Сегодня, когда хроники новостей, казалось бы, переполнены событиями, разворачивающимися в глобальном масштабе, в экзистенциальном поле человека парадоксальным образом царят бессобытийность и внутренняя пустота, — как правило, новостные материалы о происходящем в политической и экономической размерностях, разворачивающиеся вокруг этого дебаты и т.д., и т.п. не задевают внутренней струны «здесь-бытия» «Я», не конвертируются в сокровенные переживания. Одним из редких исключений в этом плане являются документальные фильмы режиссера и сценариста документального кино, художественного руководителя студии «Partizanets» Елены Погребижской, порой шокирующие, вызывающие восхищение, у кого-то — отторжение своей бескомпромиссной честностью, но только — не отношение безразличной безучастности. Именно таким фильмом является и самый свежий фильм Елены Погребижской и студии «Partizanets» «Синяя чайка», который с неизбежностью эмоционально включает в себя зрителя, заставляет его сочувствовать, сопереживать, становится событием.

 Образ из фильма «Синяя чайка» Елены Погребижской — «Чайка-Охранитель»
Образ из фильма «Синяя чайка» Елены Погребижской — «Чайка-Охранитель»

Мощное эмотивное воздействие, которое несет в себе «Синяя чайка», с одной стороны, определяет само событие, с репортажа о котором в новостях и начинается фильм: «29 июля 2014 года около 5 утра в садовом участке “Лесовик” загорелся садовый домик. В результате возникшего пожара погибли 2 человека», — эта внезапно случившаяся трагедия, как вторжение в обычную жизнь семьи чего-то совершенно «чуждого» и ужасающего («das Unheimlich»), просто не укладывается в логику обыденного «здравого смысла», предполагающую определенную упорядоченность и предсказуемость жизни, создает разлом в ней, вызывая чувство абсолютной абсурдности случившегося. С другой стороны, — что гораздо более значимо, — воздействие это связано с режиссерской работой Елены Погребижской, сосредоточившей внимание не на объективной канве события, а на глубоко личностных переживаниях Екатерины Визгаловой, потерявшей в этом пожаре своего мужа и ребенка, с тем, как режиссер освещает тот путь от всепоглощающей скорби к любви и надежде, который проходит вместе с героиней своего фильма, и который, со слов самой Екатерины, ей помогают пройти его съемки (46 мин. фильма). Несмотря на столь «тяжелую» тему, «Синяя чайка» представляет собой красивый, возвышенный фильм, результатом просмотра которого является не подавленность или «онтологический ужас», а — переоценка ценности отношений с Другим и самого факта существования Другого в «мире», своего рода «катарсис», «очищение» от неэкологичных эмоций, мыслей о сиюминутном, предрассудков и т.п., за которыми, несколько перефразируя слова Екатерины Визгаловой, теряется особое чувство «хрупкости» человеческого существования, его «конечности» и понимание того, что «просто успевать надо любить».

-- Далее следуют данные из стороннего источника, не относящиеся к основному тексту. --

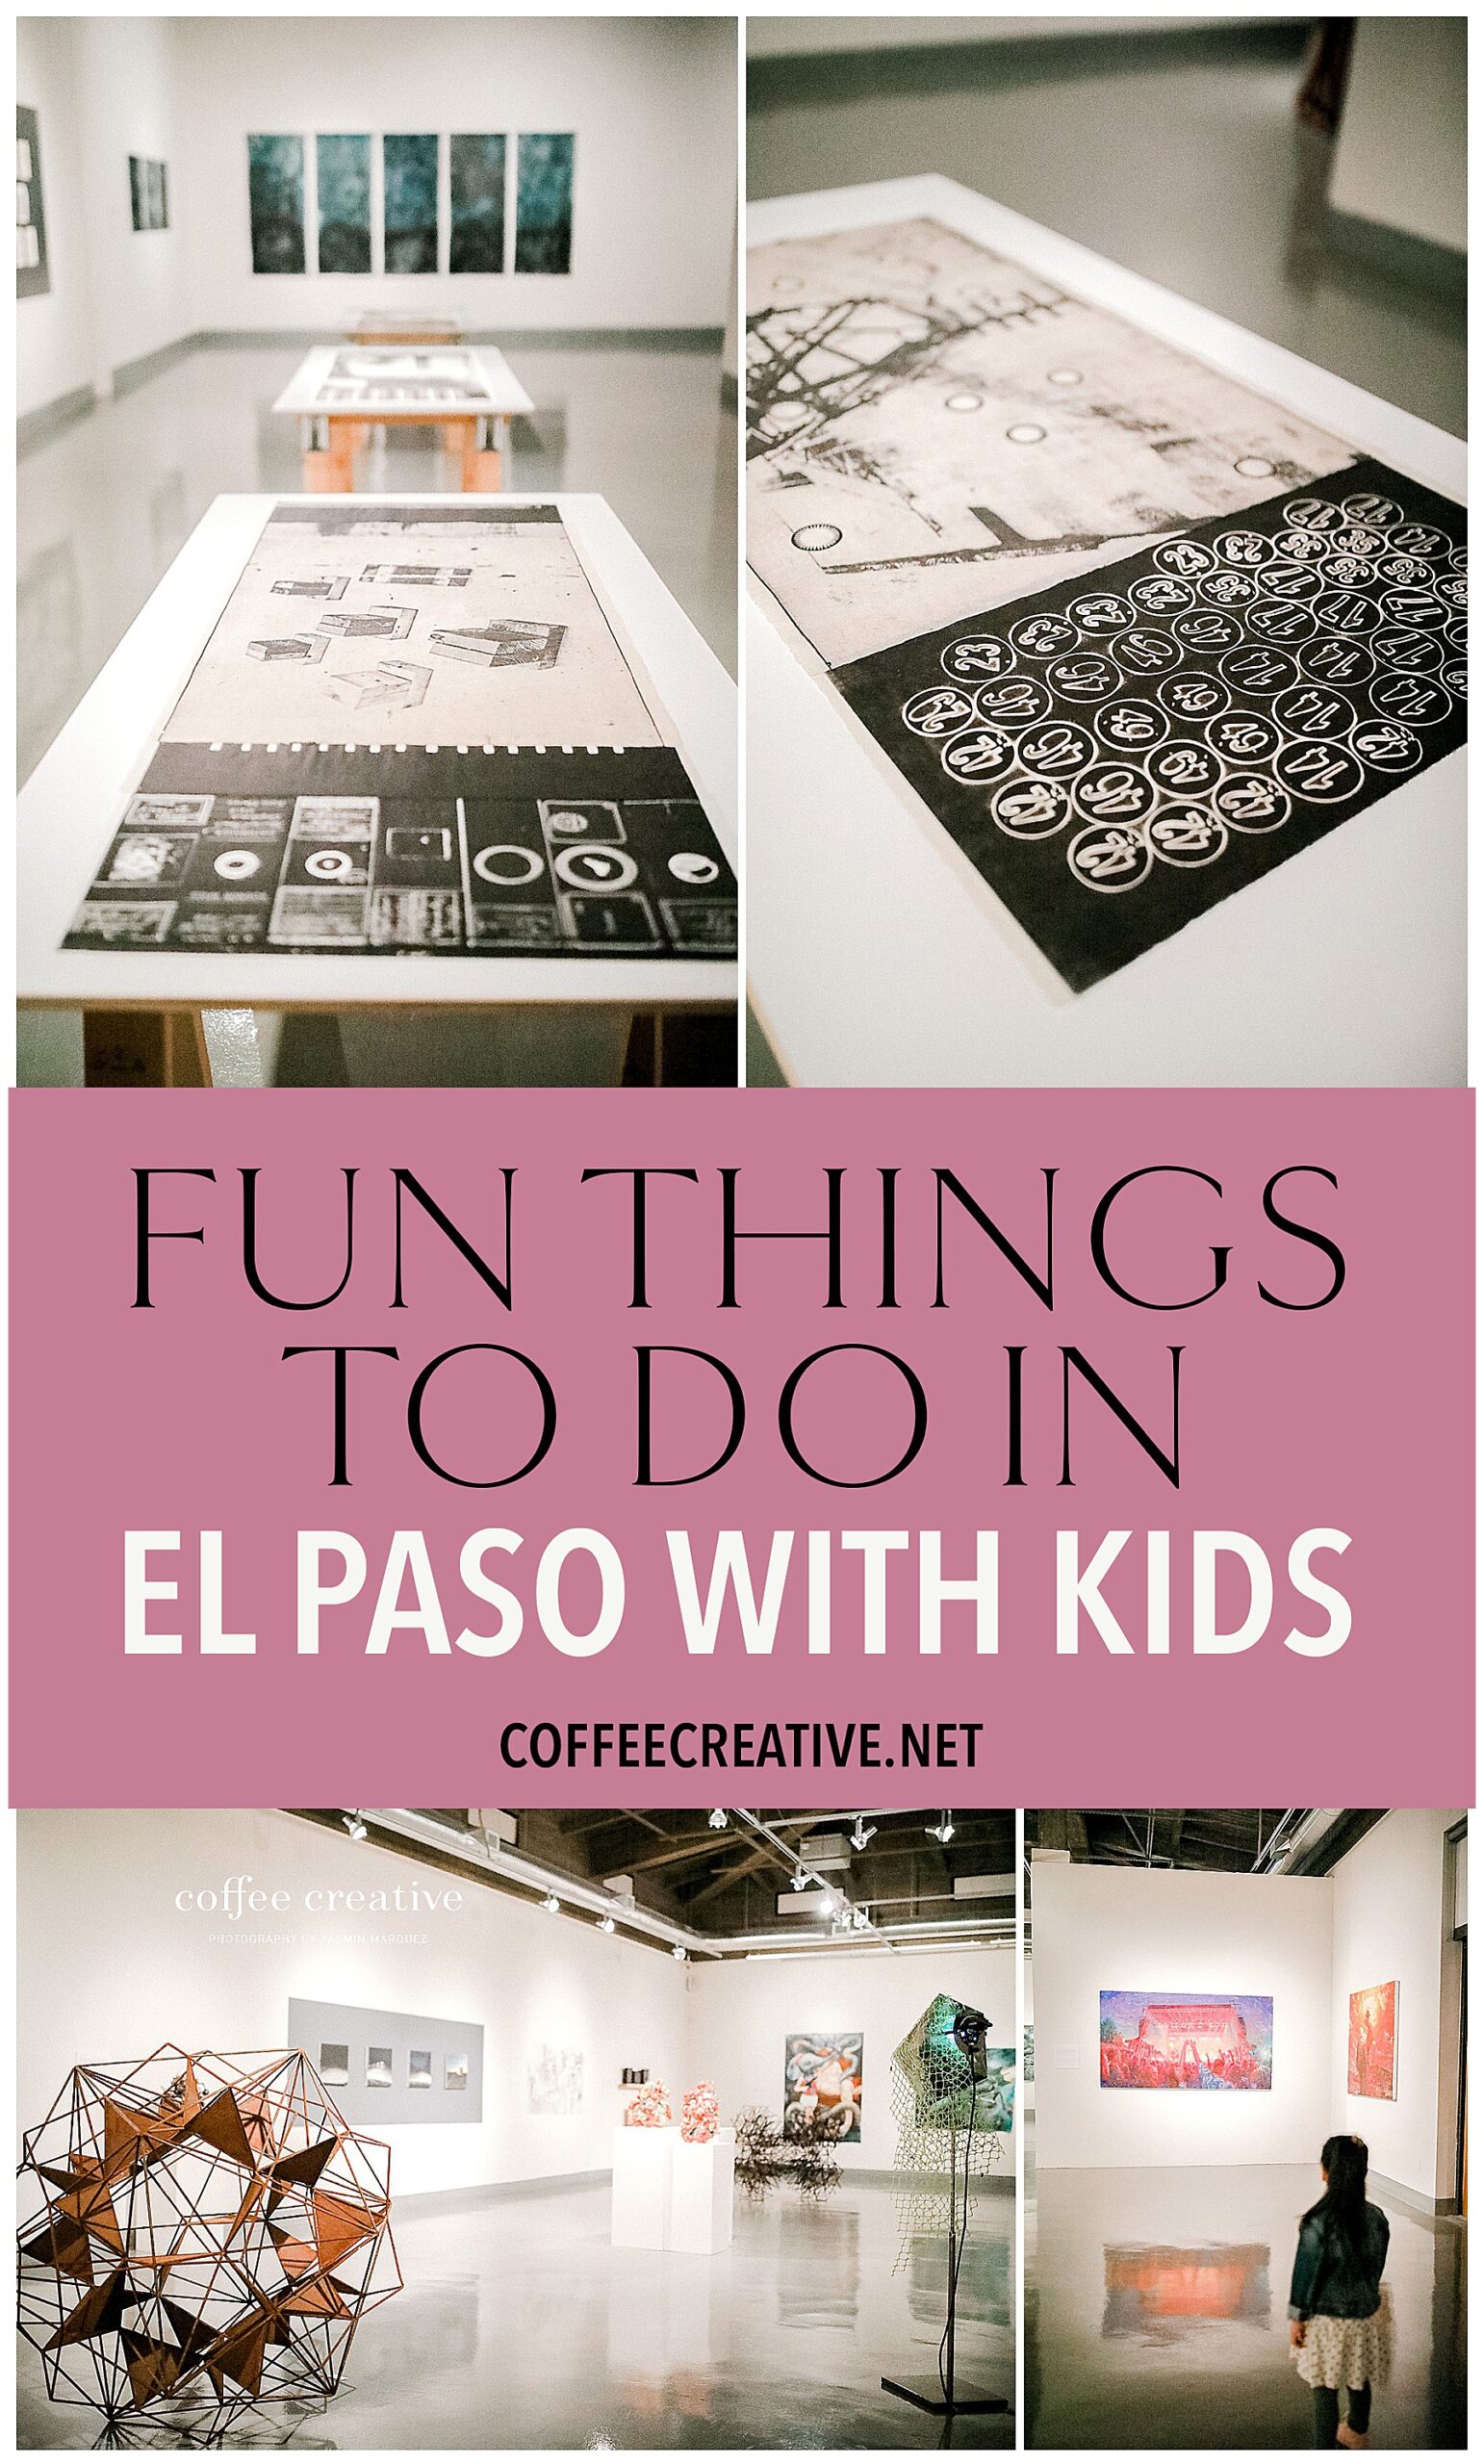 Kids Activities in El Paso, Art museum in el paso, fun things in el paso, el paso art
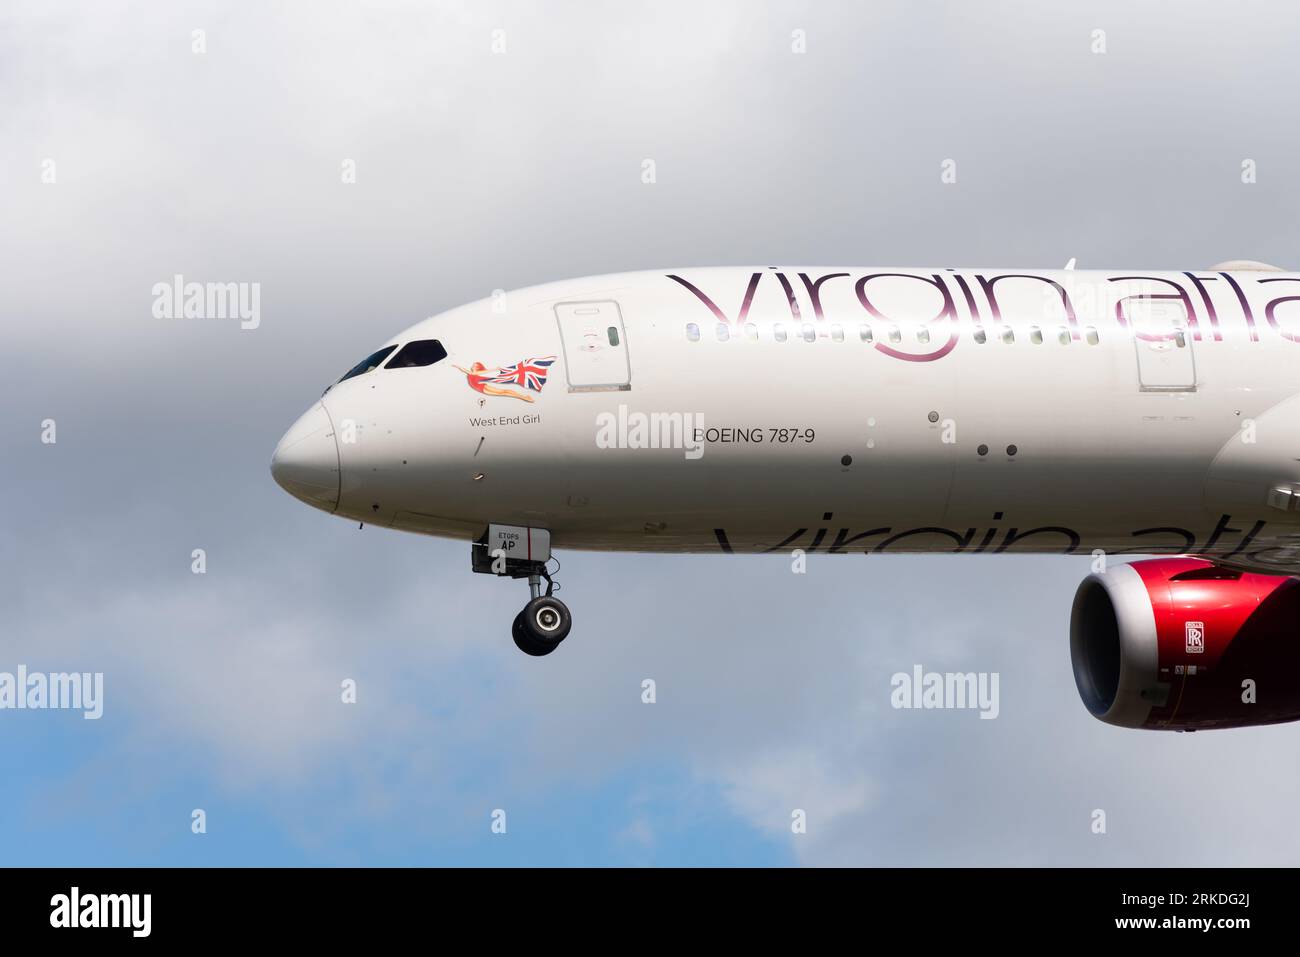 Virgin Atlantic Boeing 787-9 Dreamliner jet avión en la final para aterrizar en el aeropuerto de Londres Heathrow, Reino Unido. Llamada West End Girl. Scarlet lady nose art Foto de stock

Помимо Екатерины Визгаловой, героями «Синей чайки» являются Денис и Надя, «живое» присутствие которых, — голоса, смех, общение, совместные игры — также имеют место в фильме. Дело в том, что Денис постоянно снимал видео, почти никогда не расставаясь с камерой. «Мне никогда еще не встречался такой огромный семейный видеоархив, как здесь. И поскольку Денис снимал и снимал, довольно скоро он стал отличным оператором, и его видео еще и очень прилично снято. Поэтому мы, смотря фильм «Синяя чайка», можем очень хорошо ощутить жизнь этой семьи, как если бы мы сидели с ними за новогодним столом. Потому что Денис так это снял»,– рассказывает Елена Погребижская. Именно наличие домашнего киноархива определяет логику фильма как основной принцип его построения и способ связывания отдельных частей композиции целого, которая состоит в соположении различающихся точек зрения и временных пластов: внешнего объективирующего взгляда корреспондентов на случившееся в Белорецке и взгляда на дачную жизнь Дениса изнутри ситуации, жизнь Кати — до трагедии и жизнь — после нее. Однако, если в начале фильма актуальное настоящее героини, где есть только боль, скорбь и утраты, и ее прошлое, где царили радость и счастье, состоят в жесткой оппозиции друг к другу как различающиеся до зеркальной противоположности «миры» вселенной, создавая в своем соседстве дополнительный резонанс боли, то постепенно грань между ними стирается, и они начинают существовать симультанно, причем победа остается на стороне жизни. Актуализированное Еленой Погребижской посредством просмотра семейных видеозаписей светлое и радостное прошлое Екатерины начинает бросать отсветы, отблески на ее настоящее, проливать свой свет на него вплоть до его трансформации в этой иерофании.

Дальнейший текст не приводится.